Whether or not a claim for damage sustained on a shipment of goods can be a solidary or joint and
several, liability of the common carrier, the arrastre operator and the customs broker.

RULING:

The common carriers duty to observe the requisite diligence in the shipment of goods lasts from the
time the articles are surrendered to or unconditionally placed in the possession of, and received by,
the carrier for transportation until delivered to, or until the lapse of a reasonable time for their
acceptance by, the person entitled to receive them (Arts. 1736-1738, Civil Code). When the goods
shipped either are lost or arrive in damaged condition, a presumption arises against the carrier of its
failure to observe that diligence, and there need not be an express finding of negligence to hold it
liable (Art. 1735, Civil Code). There are, of course, exceptional cases when such presumption of
fault is not observed but these cases, enumerated in Article 1734 of the Civil Code, are exclusive,
not one of which can be applied to this case.

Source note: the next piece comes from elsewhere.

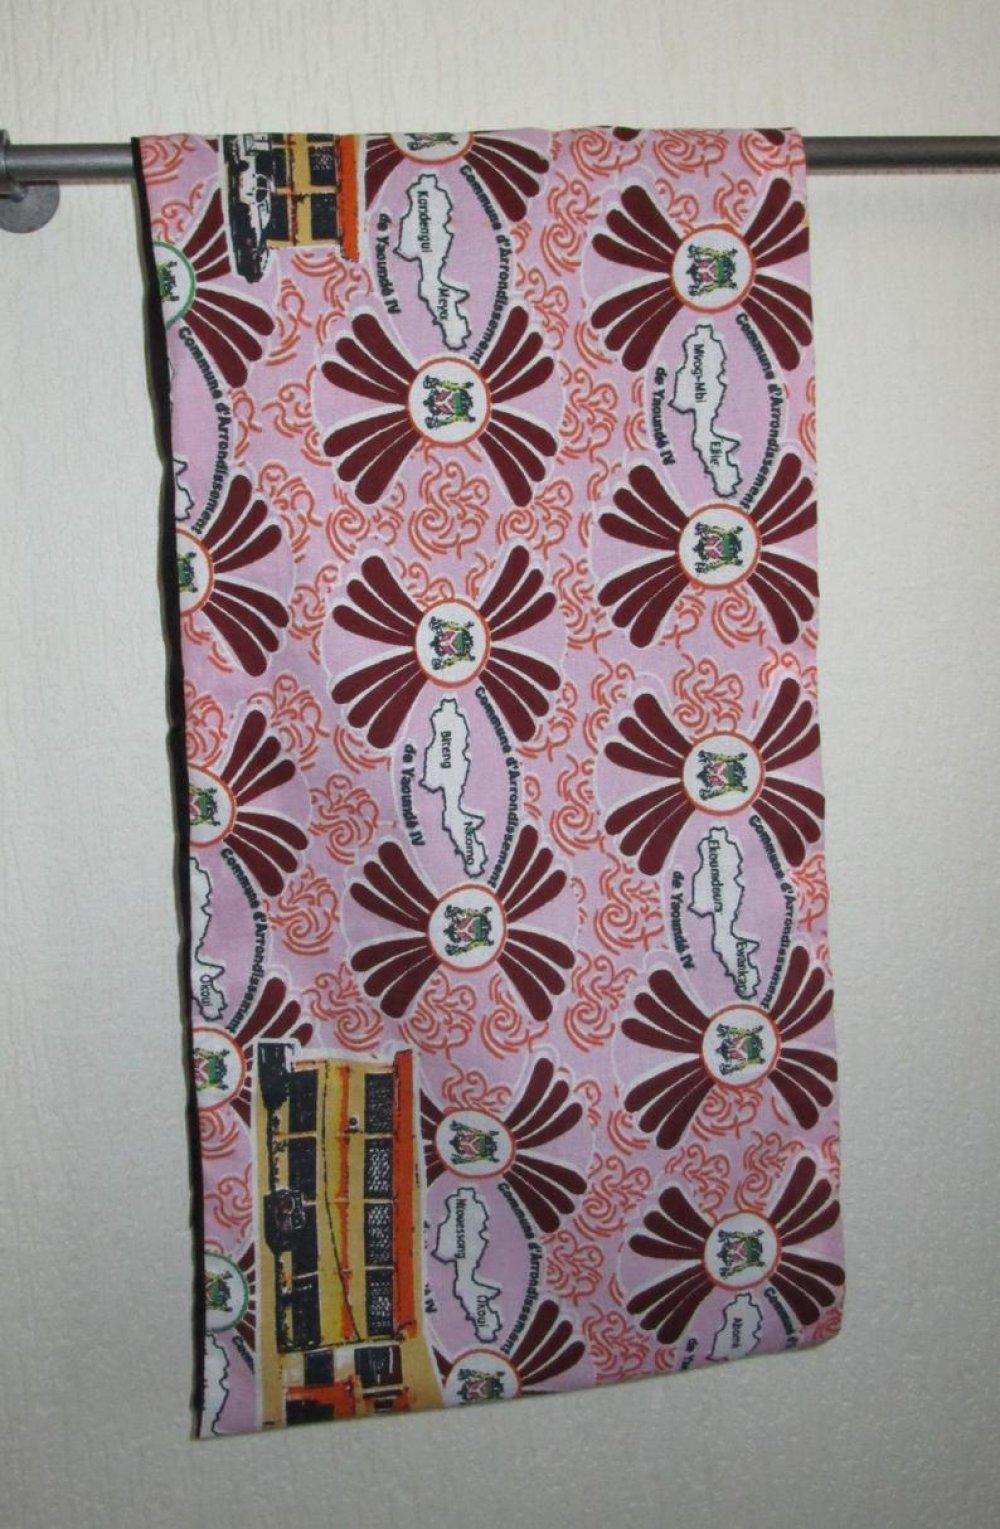 Accessoire écharpe double tour écharpe tissu wax cadeau femme foulard africain habits africains

As to the question of charging both the carrier and the arrastre operator with the obligation of
properly delivering the goods to the consignee, the legal relationship between the consignee and the
arrastre operator is akin to that of a depositor and warehouseman while the relationship between the
consignee and the common carrier is similar to that of the consignee and the arrastre operator.

Since it is the duty of the arrastre to take good care of the goods that are in its custody and to deliver
them in good condition to the consignee, such responsibility also devolves upon the carrier. Both the
arrastre and the carrier are therefore charged with the obligation to deliver the goods in good
condition to the consignee. A factual finding of both the Supreme Court and the appellate court was
that there was sufficient evidence that the shipment sustained damage while in the successive
possession of appellants. Accordingly, the liability imposed on Eastern Shipping Lines, Inc., the sole
petitioner in this case, is inevitable regardless of whether there are other solidarily liable with it.